Connecting a digital optical cable from your TV to your receiver is only necessary if you have a Smart TV with apps that you would like to make use of. Your TV will need a way to get that audio to the receiver to be heard through the speakers connected to it. If you do not have a Smart TV, or do not plan on using your Smart TV's apps in favor of another device, this cable is unnecessary.

8 Coax Connections

  1. Connect the coax cable from your premium television provider to your cable or satellite decoder.
    The back of a cable modem
  2. If you're using one, connect the coax cable from your outdoor antenna to the back of your TV (for over-the-air TV signal).
    The coax connector
  3. If you're using one, connect the coax cable from your outdoor antenna to your receiver for FM radio signals.
    The back of an onkyo receiver with the coax cable connection highlighted
  4. If you're using one, connect the simple 2-wire lead for your AM antenna to your receiver for AM radio signals.
    The onkyo receiver with the AM radio connector shown

9 Network Connection

  1. If you intend to use a hard-wired Ethernet connection for your TX-NR575, connect one end of the Ethernet cable to the port on the rear of your receiver, then the other end to your home's router.
    The back of an onkyo receiver showing the ethernet port

If you intend to use a wireless connection instead, this step can be skipped.
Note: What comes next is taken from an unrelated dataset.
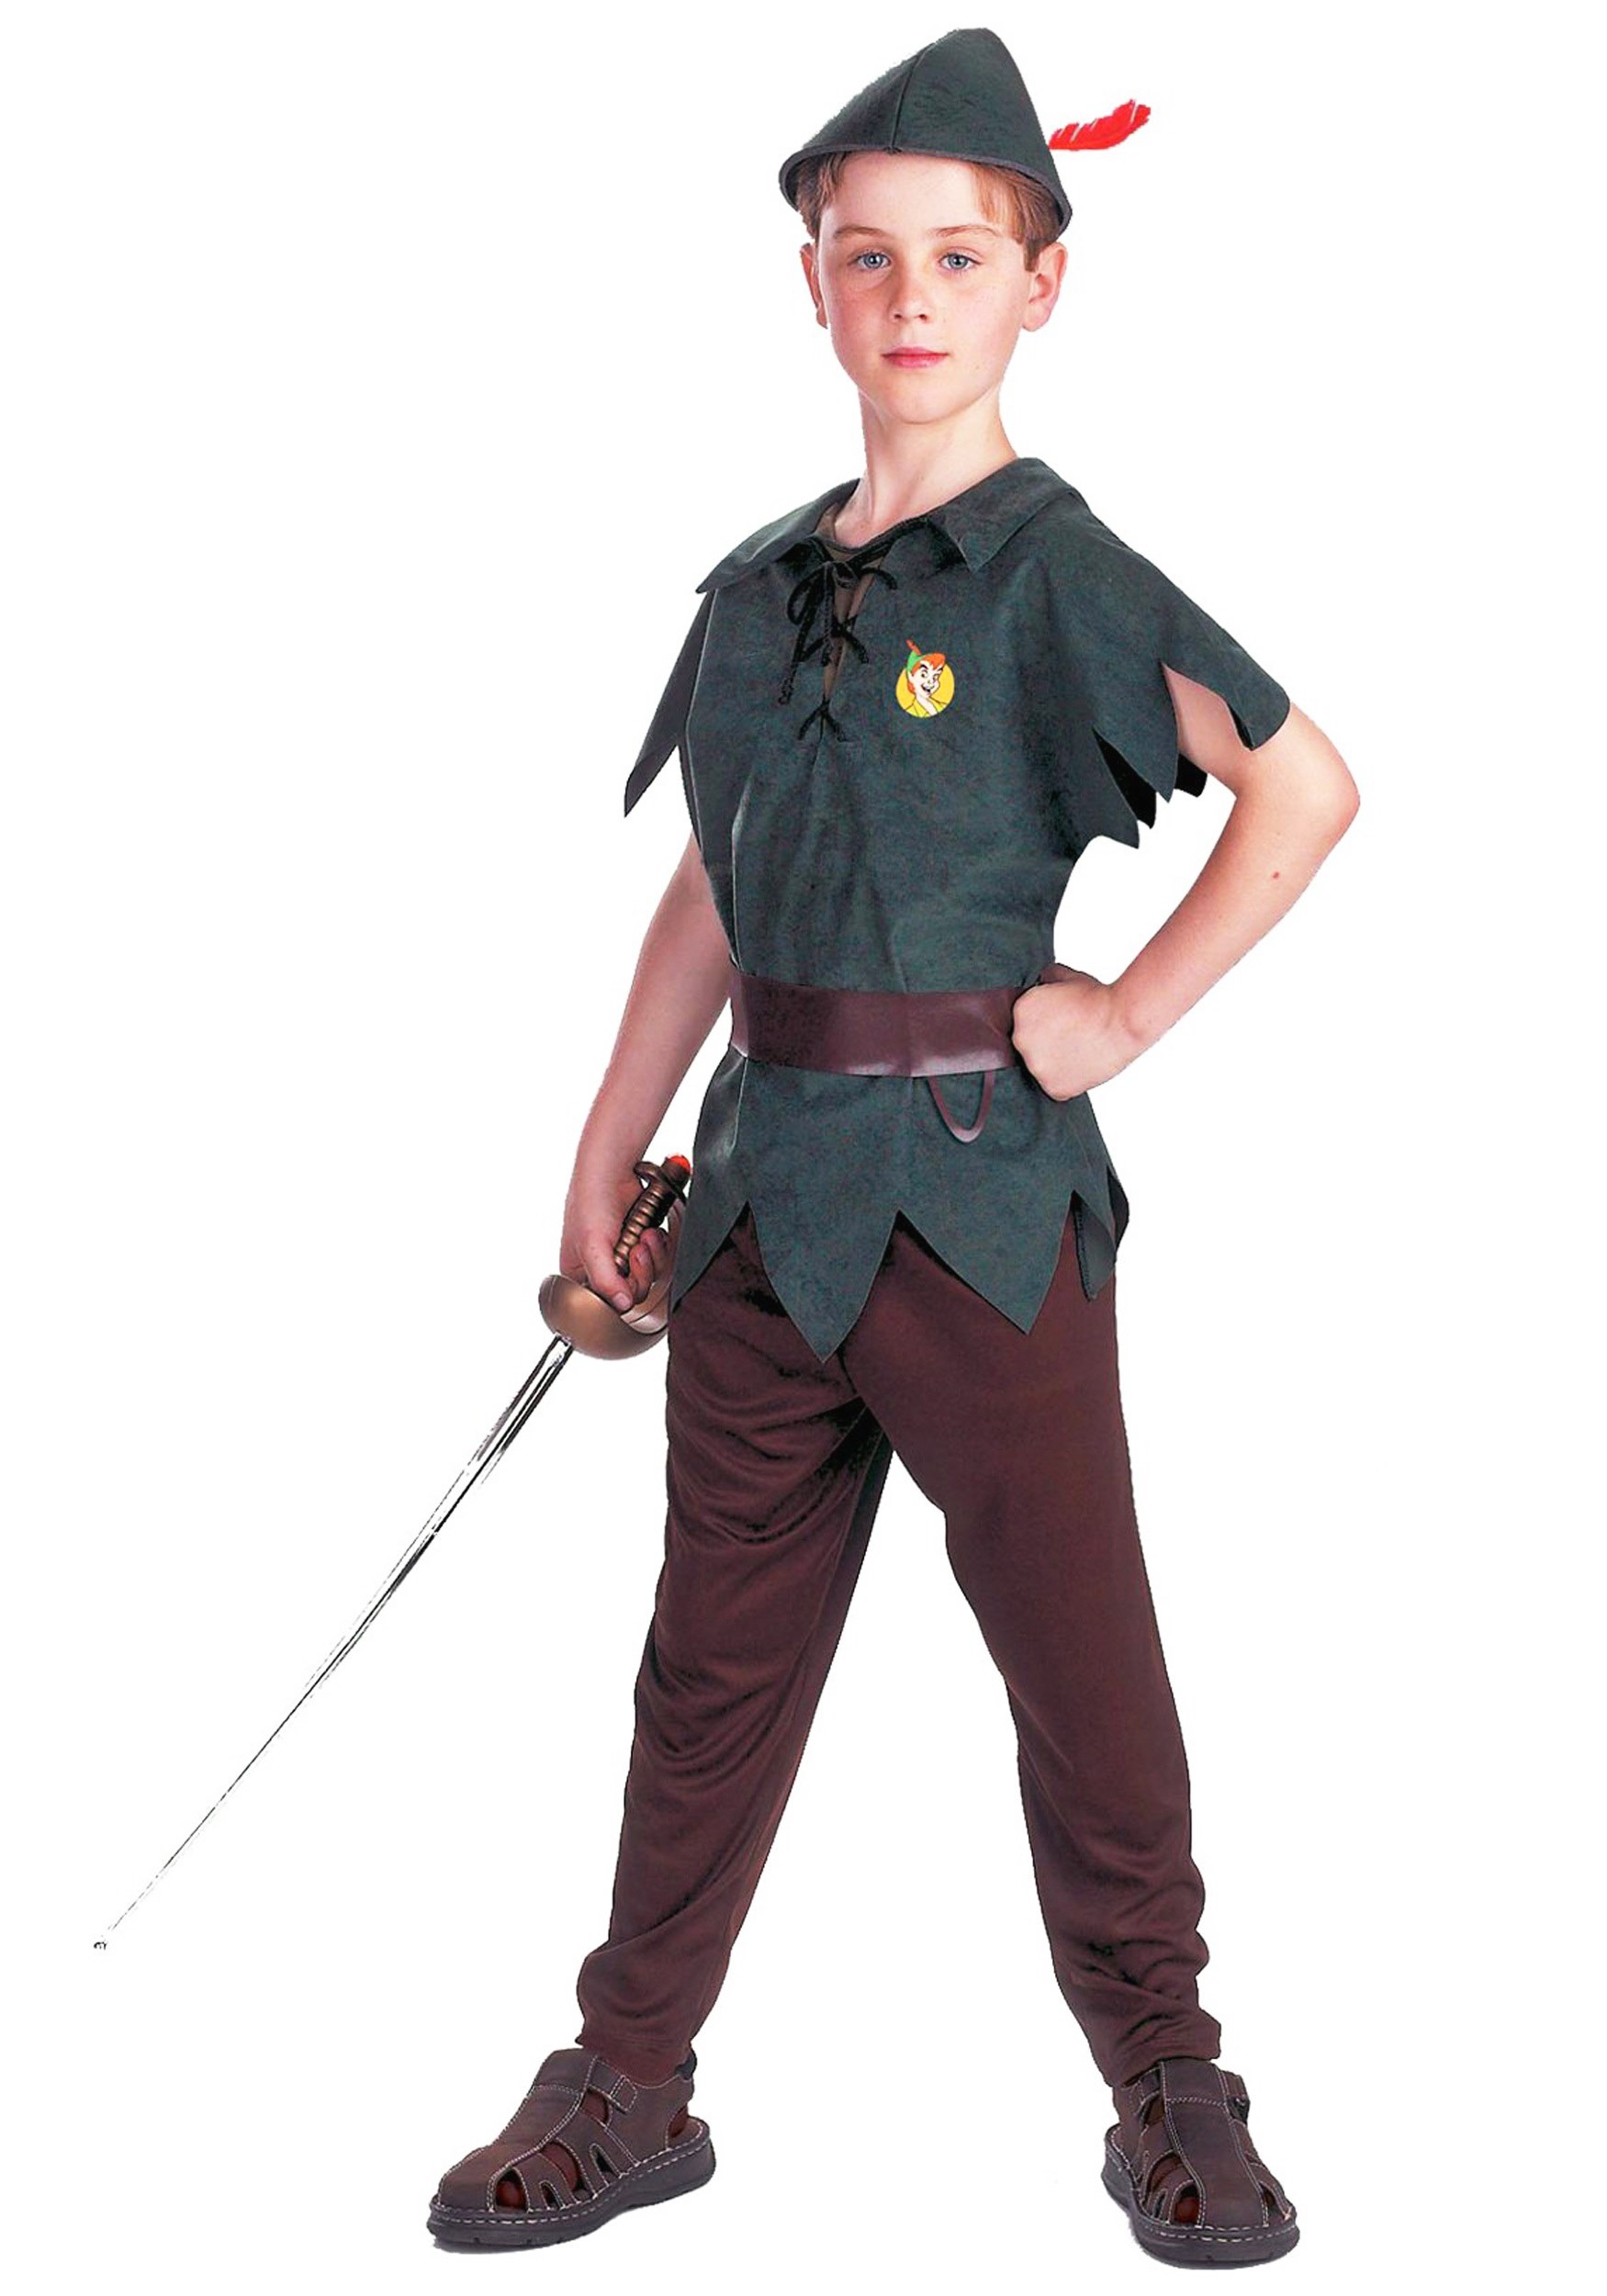 Photos - Fancy Dress Disguise Peter Pan Costume for Kids Brown/Green DI5963

Wireless setup cannot be performed until everything is powered up.

10 Source Connection

  1. Connect each of your sources (Blu-ray, cable box, game console, etc.) to the appropriate connector on the back of your receiver. Many connectors will have labels to guide you.
    The back of an onkyo receiver showing the source inputs

Please be aware that the labels on the HDMI ports of your receiver are only a guide. These ports can accept any type of HDMI device being plugged into them and can easily be renamed within your receiver's settings.

For example, a port labeled "BD/DVD" or "GAME" does not indicate that this is the only type of device it can accept.

11 Power Connection

  1. The Onkyo TX-NR575 has a non-removable power cable attached to the rear. Connect this to your power management device.
    The onkyo receiver showing the power cable
  2. Connect power for all your other devices to your power management device as well.

12 Test Devices

  • Turn on your home theater devices, and test them out.
  • Make sure you can watch premium TV.
  • Make sure you can watch a Blu-ray movie.
  • Make sure your game console works.
  • Make sure any audio devices, such as a record player, work.
  • Make sure the speakers are in the correct locations.
  • Test any other device you have setup as part of your home theater.

It is critical to perform this step before moving forward, as we will be cleaning up the cables behind, next. After this, while it is entirely possible to make changes, it is a much greater hassle.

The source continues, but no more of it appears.